- SUPPLIED MATERIAL:
+++

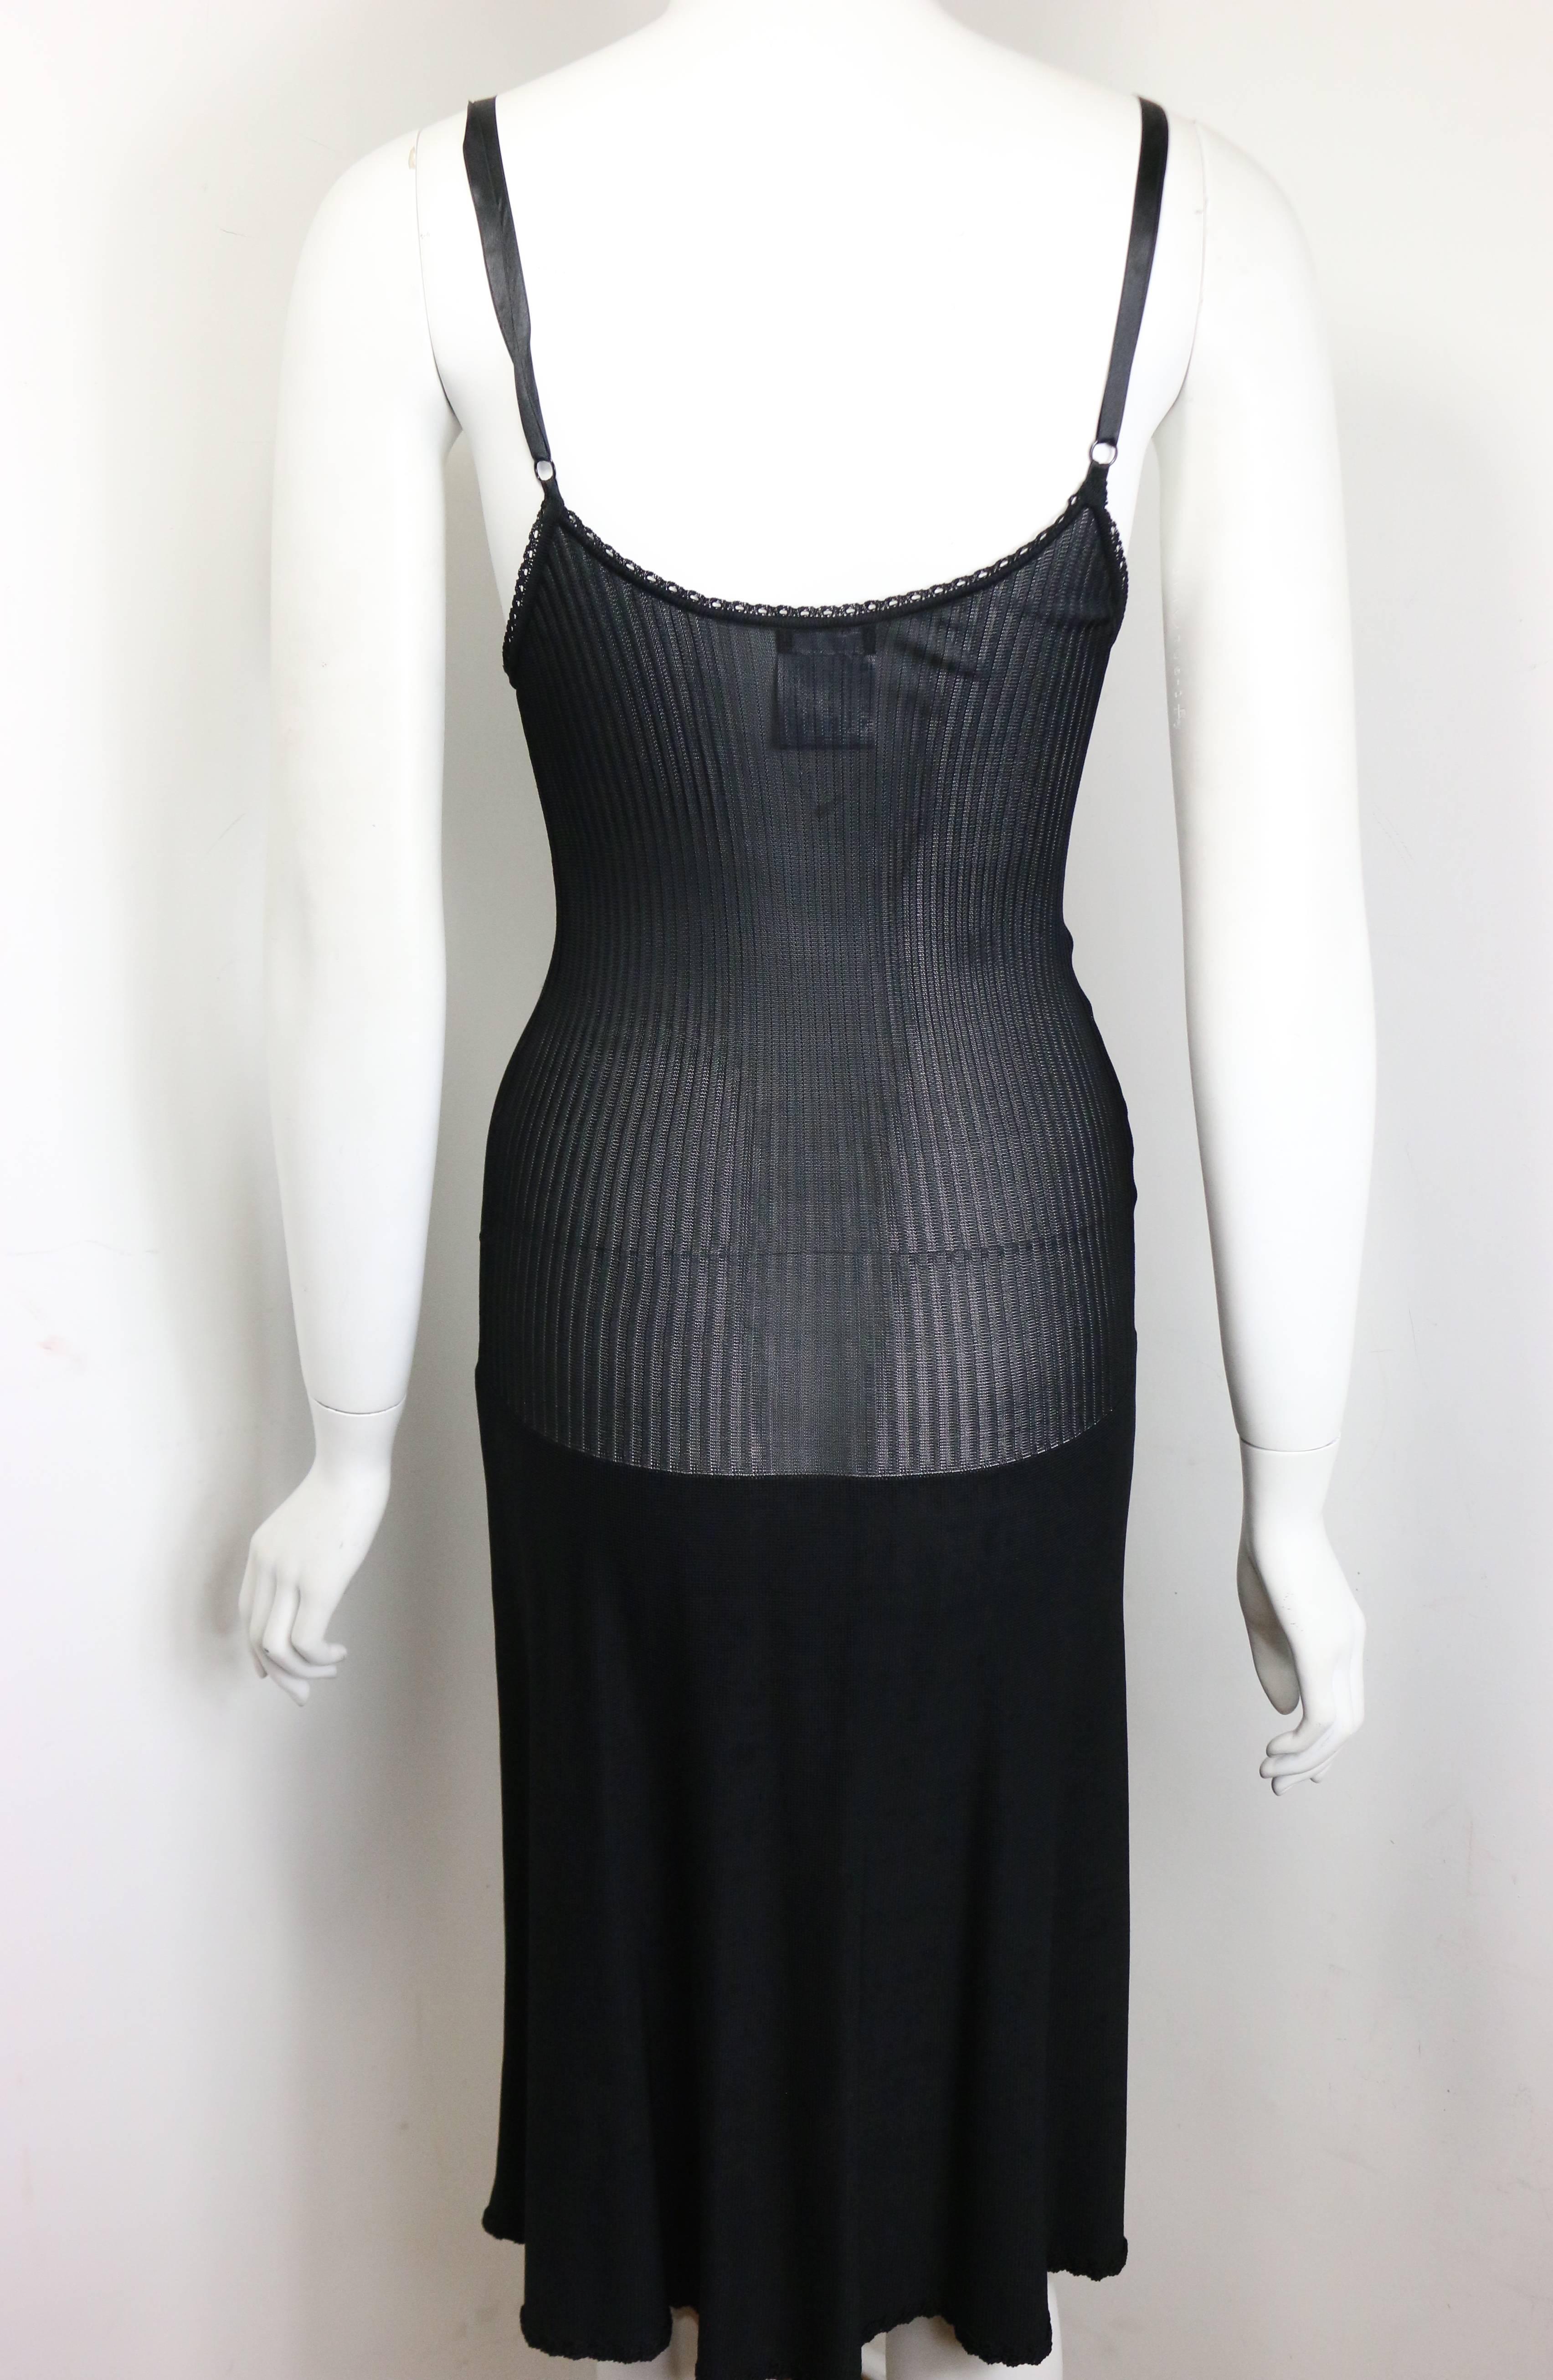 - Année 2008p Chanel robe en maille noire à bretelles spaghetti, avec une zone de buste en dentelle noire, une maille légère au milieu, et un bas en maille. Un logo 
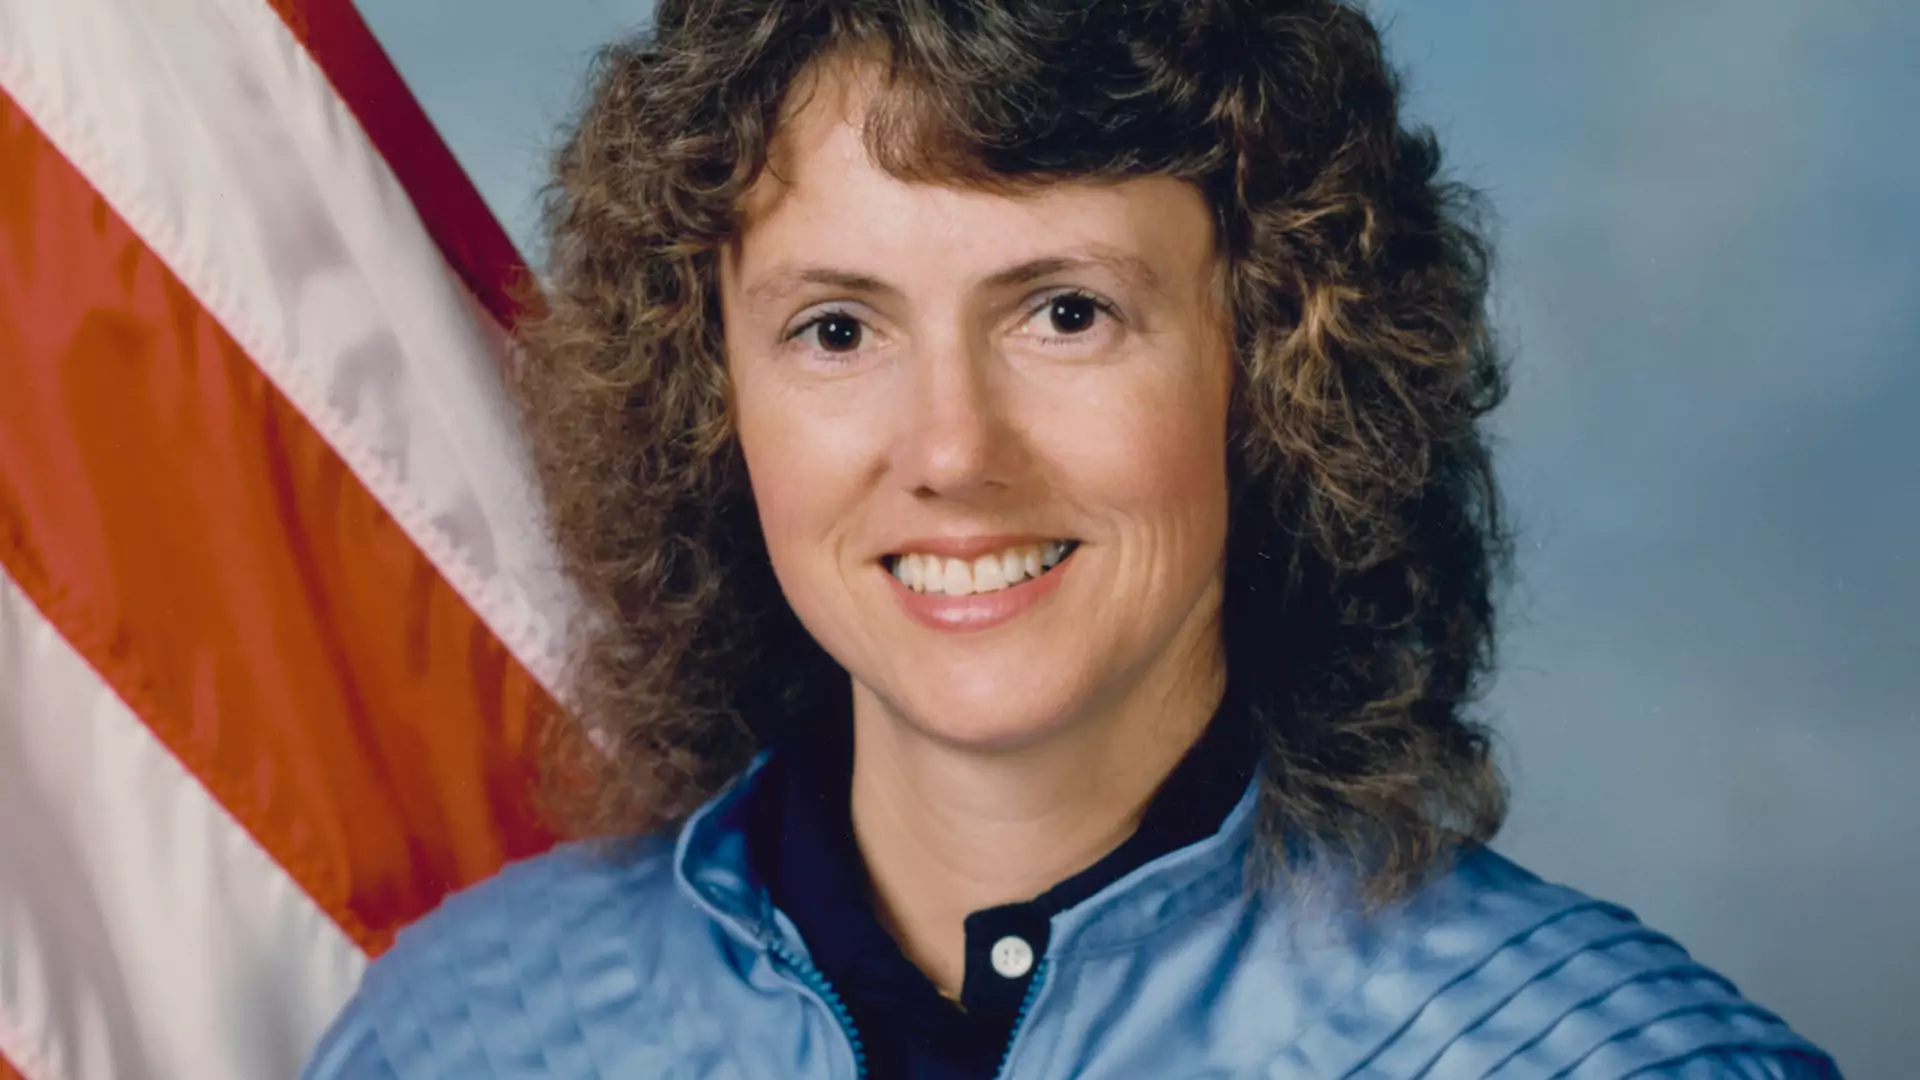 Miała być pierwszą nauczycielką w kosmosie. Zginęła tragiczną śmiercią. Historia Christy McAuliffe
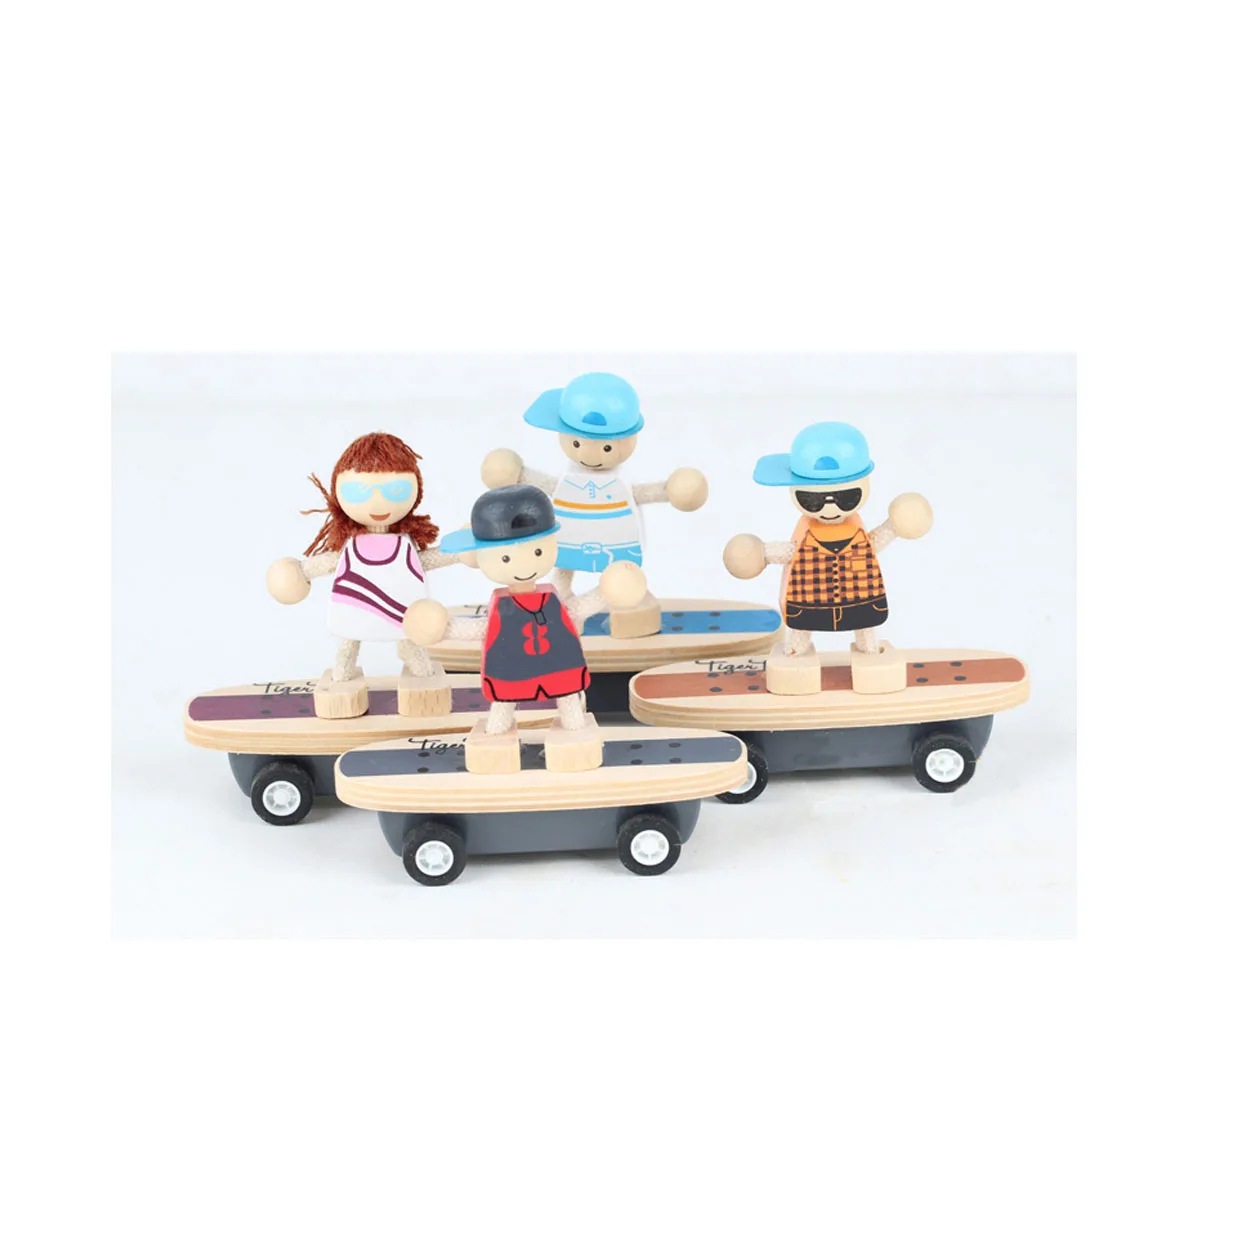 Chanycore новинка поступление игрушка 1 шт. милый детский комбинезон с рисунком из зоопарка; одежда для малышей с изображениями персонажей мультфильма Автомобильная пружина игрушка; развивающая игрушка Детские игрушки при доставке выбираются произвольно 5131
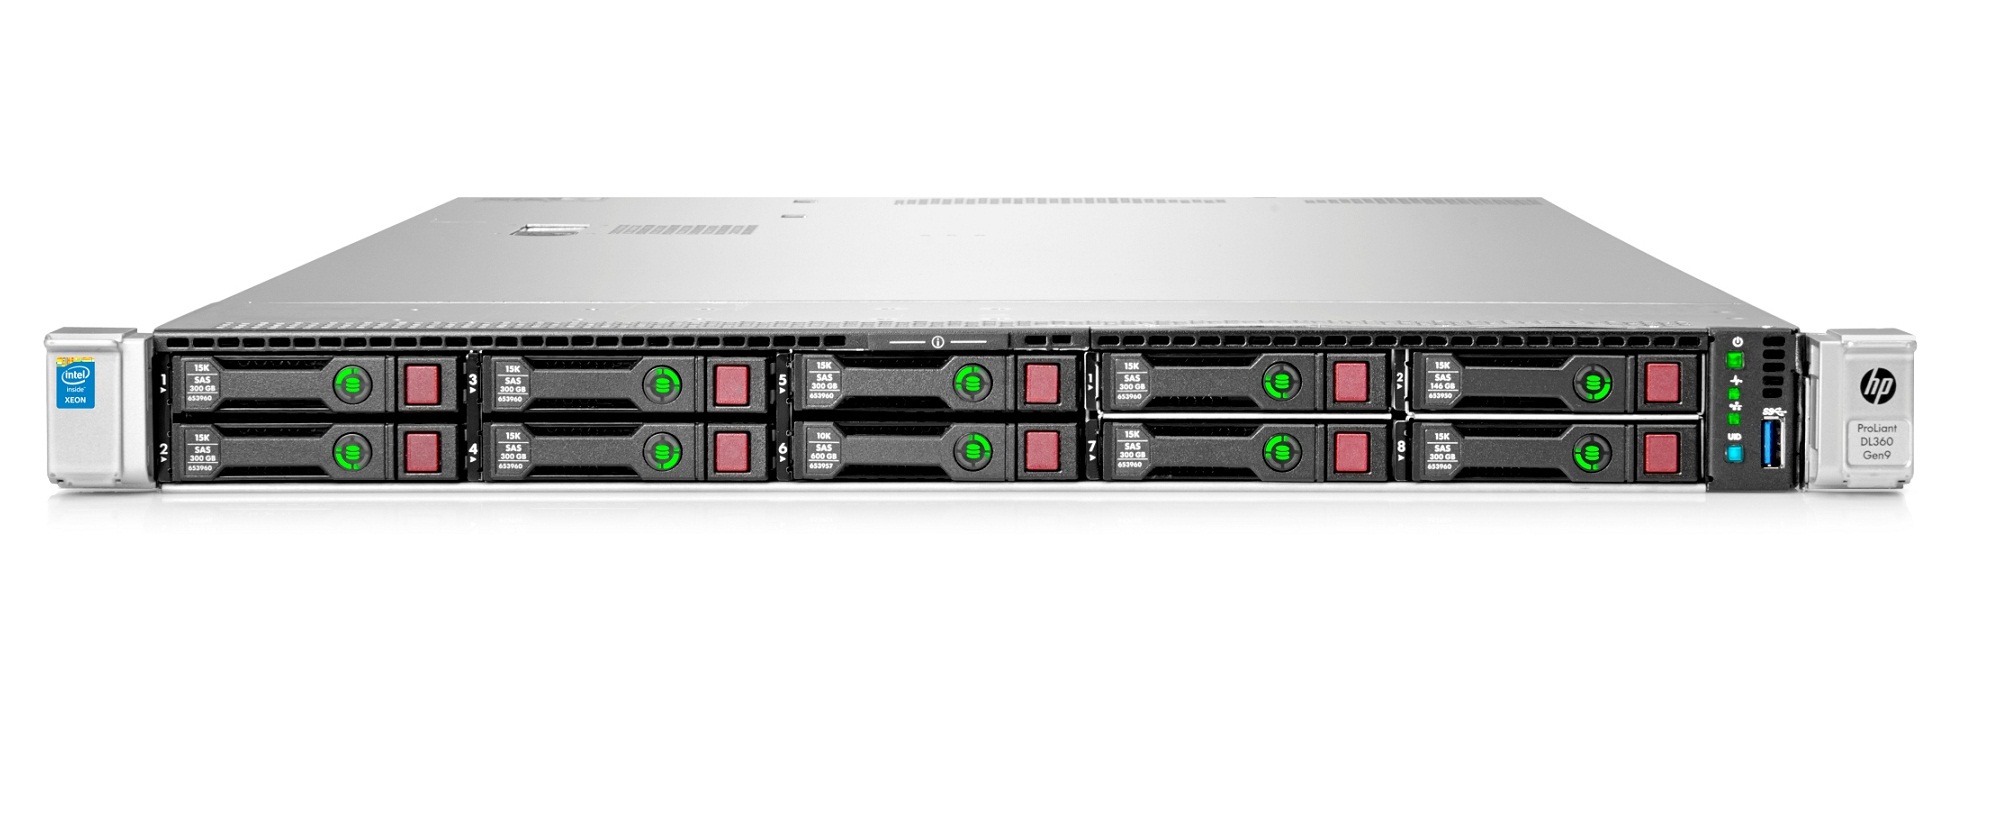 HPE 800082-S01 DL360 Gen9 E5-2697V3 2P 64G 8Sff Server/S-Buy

+++

- WHAT IS REQUIRED: The expected answer is the listing above, duplicated exactly, with its pictures removed.

- THE ANSWER:
 - Année 2008p Chanel robe en maille noire à bretelles spaghetti, avec une zone de buste en dentelle noire, une maille légère au milieu, et un bas en maille. Un logo 
 Miała być pierwszą nauczycielką w kosmosie. Zginęła tragiczną śmiercią. Historia Christy McAuliffe
 Chanycore новинка поступление игрушка 1 шт. милый детский комбинезон с рисунком из зоопарка; одежда для малышей с изображениями персонажей мультфильма Автомобильная пружина игрушка; развивающая игрушка Детские игрушки при доставке выбираются произвольно 5131
 HPE 800082-S01 DL360 Gen9 E5-2697V3 2P 64G 8Sff Server/S-Buy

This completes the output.